- Exercise brief -
With the pictures set aside, write out all of the data exactly as it stands.

- Exercise data -
☆ ☆ ☆ ☆

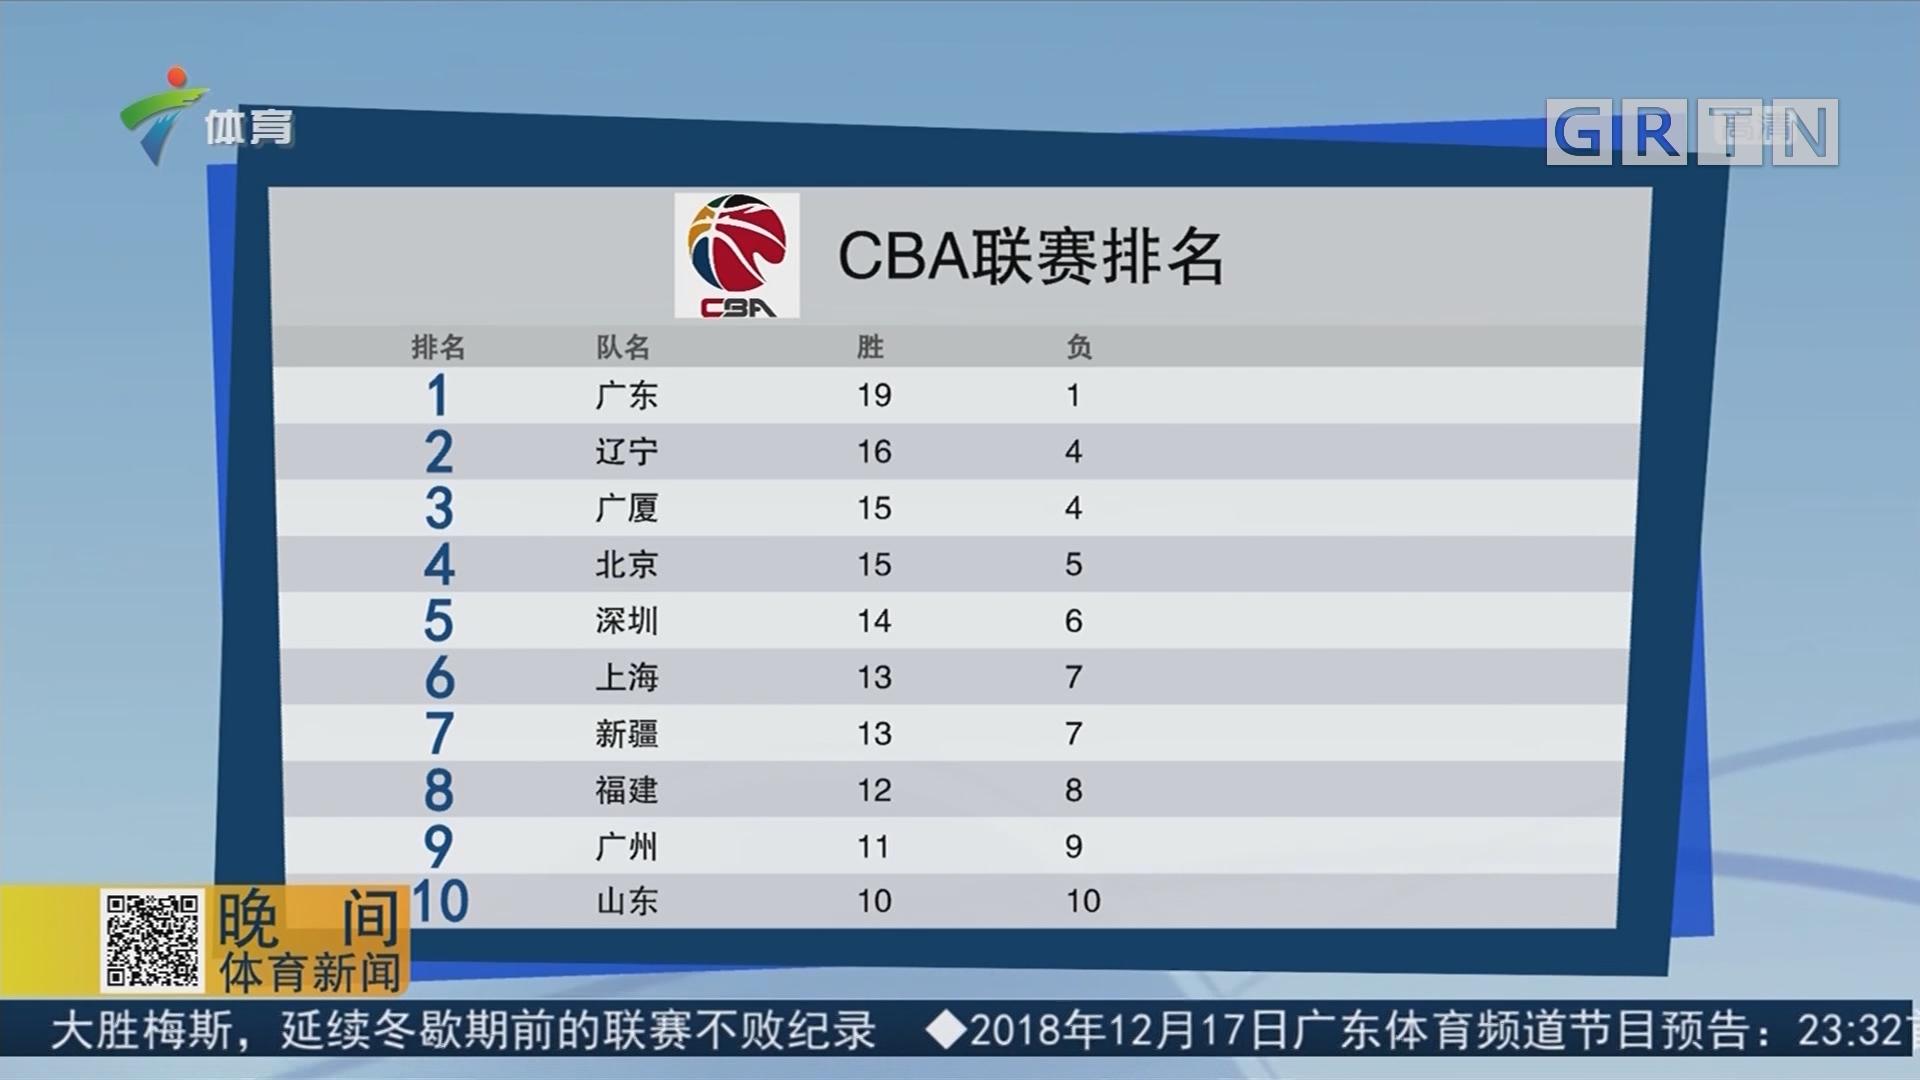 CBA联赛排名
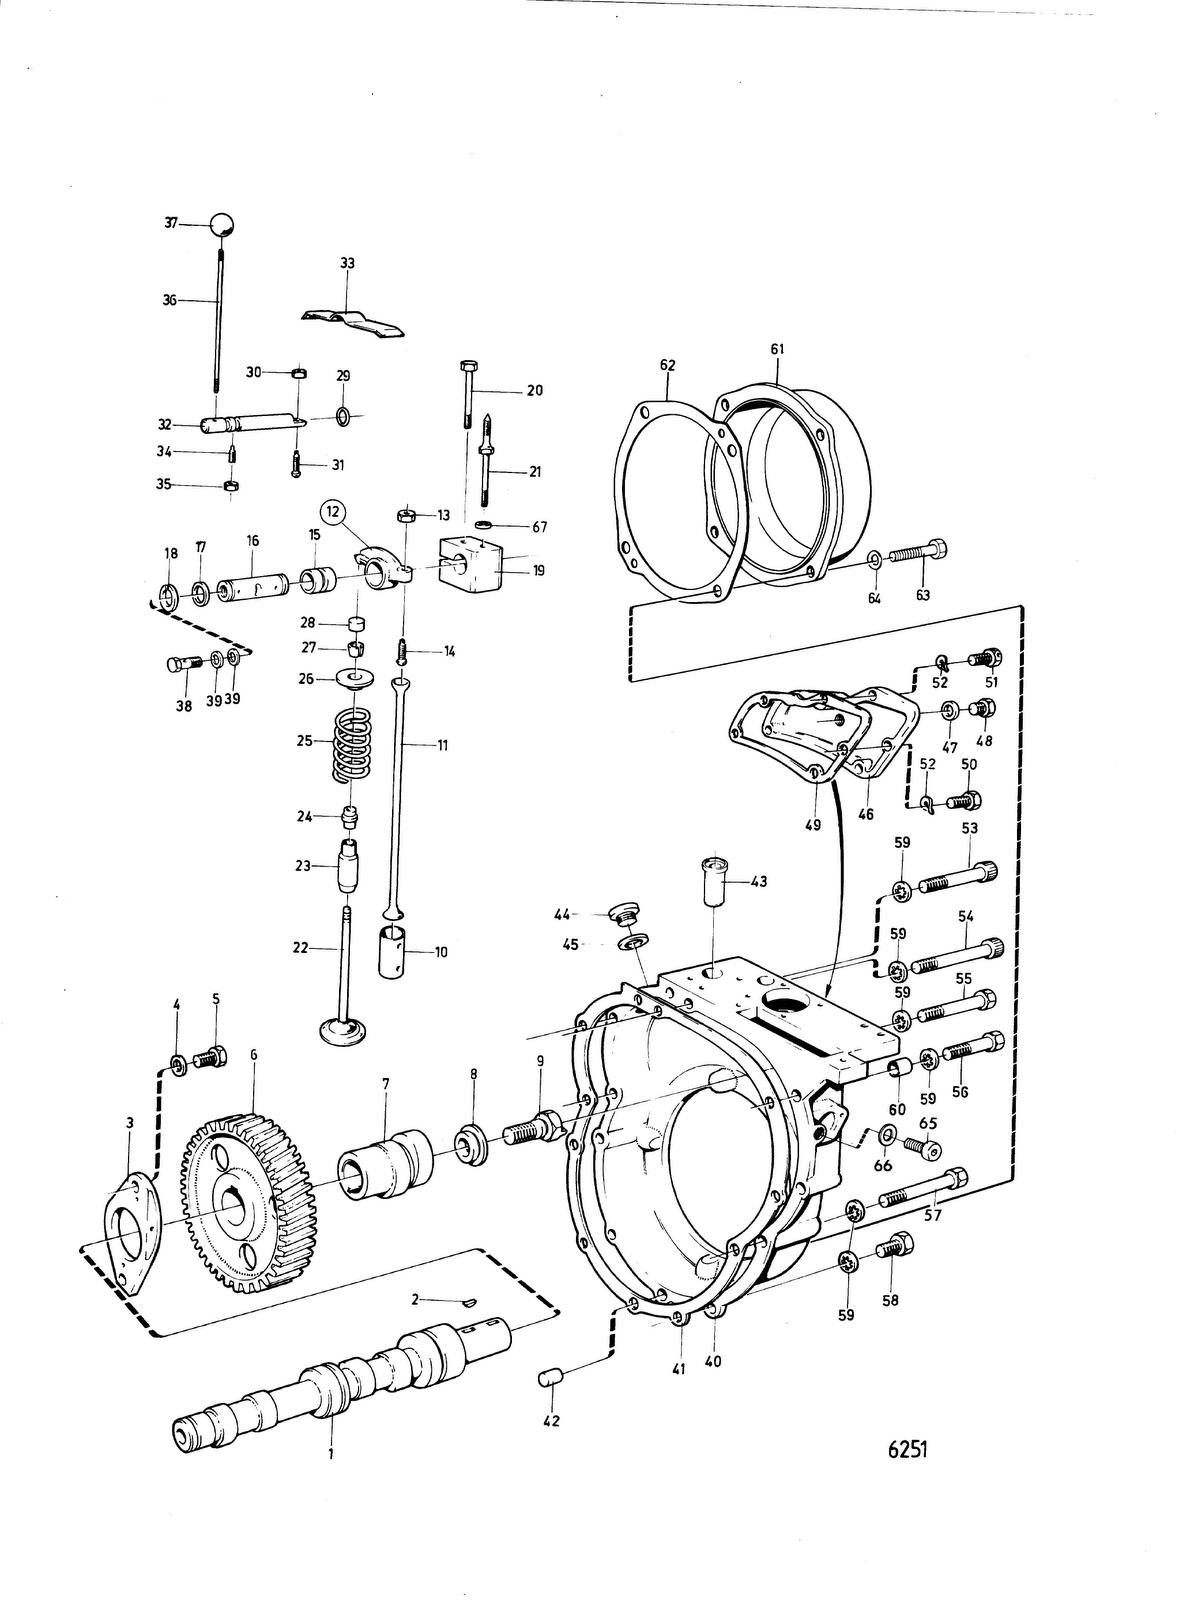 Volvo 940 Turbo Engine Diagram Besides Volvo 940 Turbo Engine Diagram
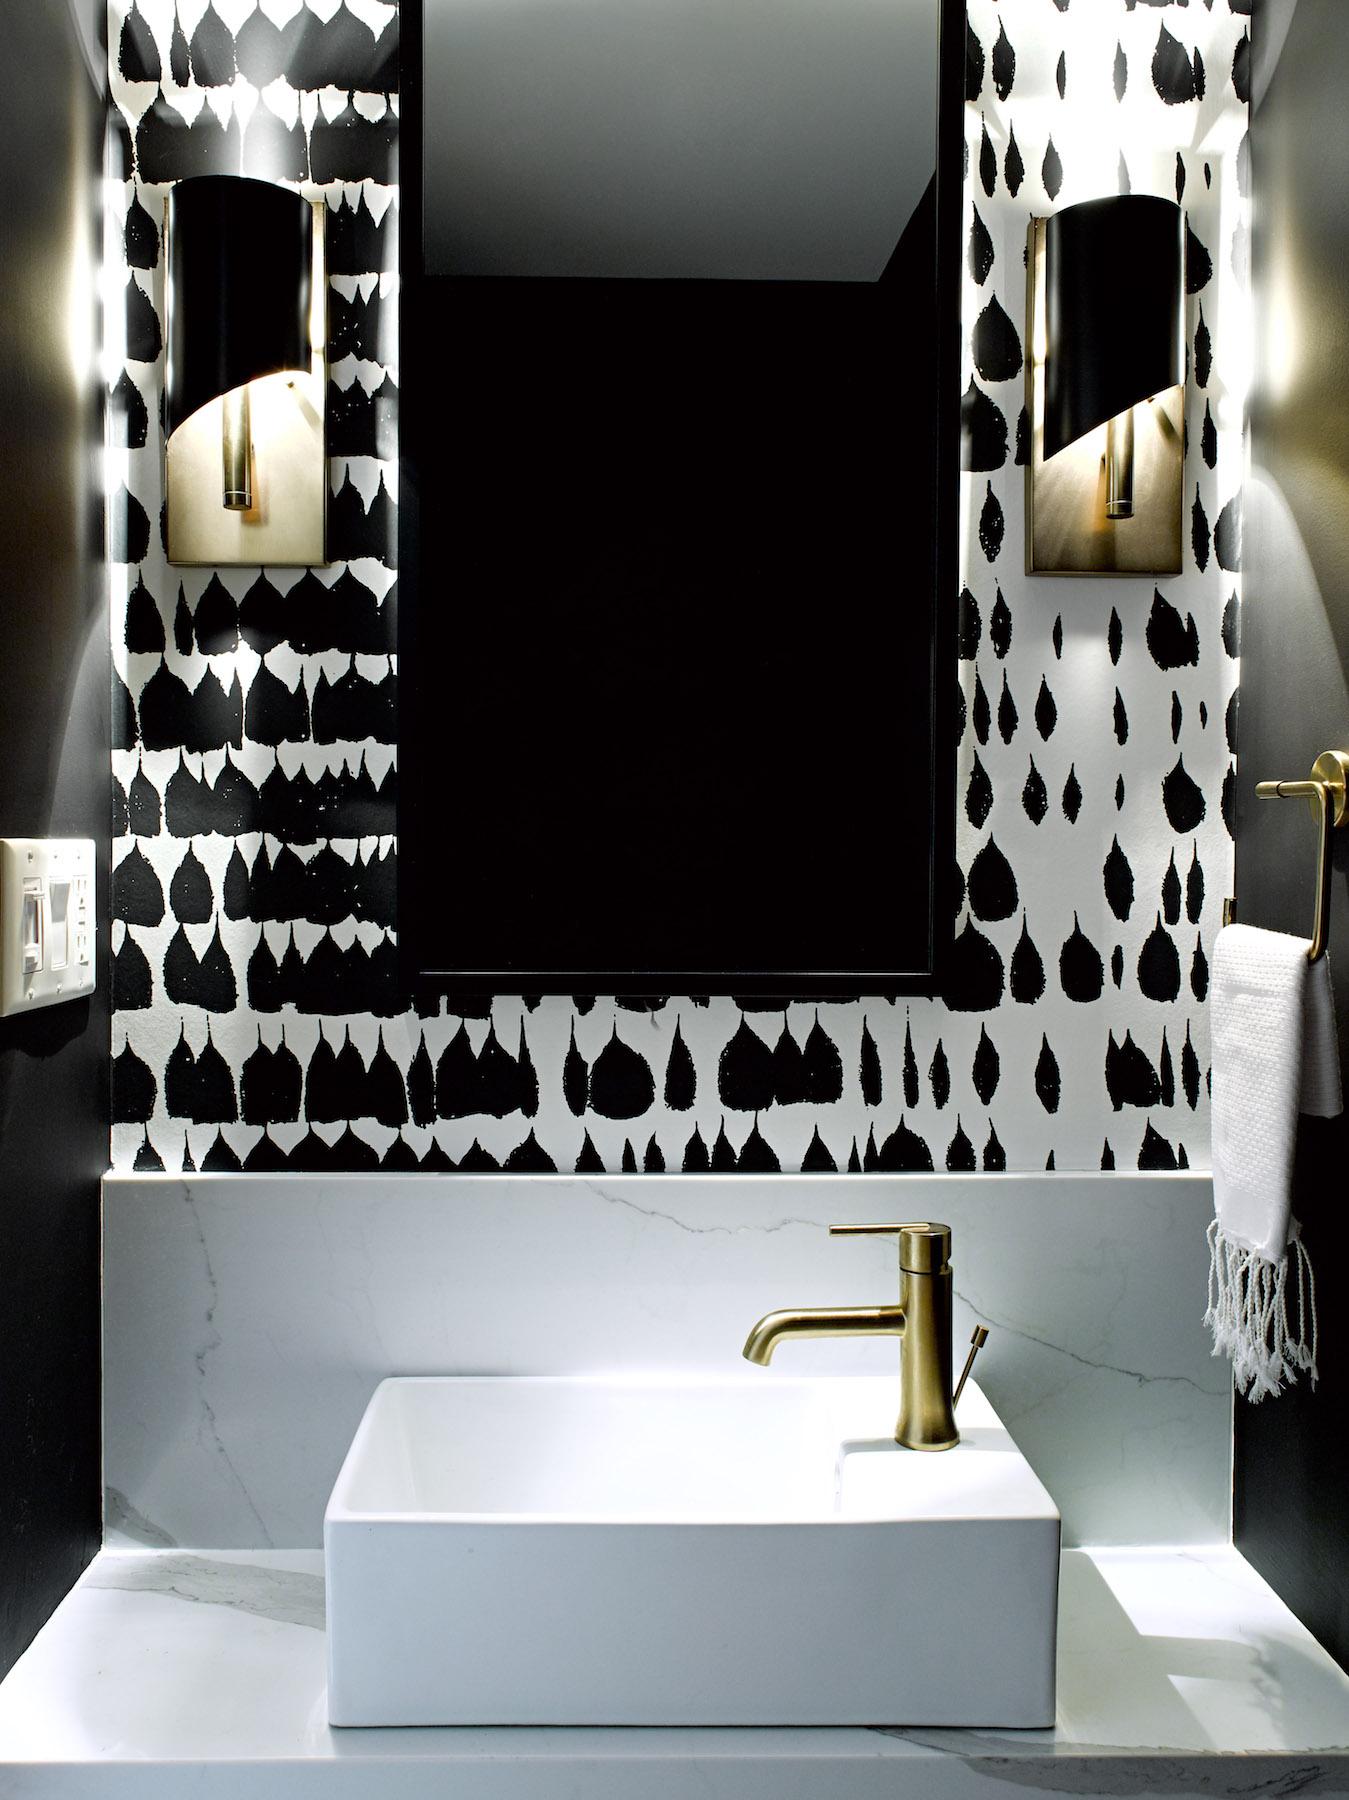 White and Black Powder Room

☆ ☆ ☆ ☆

- Expected output -
 CBA联赛排名
 Volvo 940 Turbo Engine Diagram Besides Volvo 940 Turbo Engine Diagram
 White and Black Powder Room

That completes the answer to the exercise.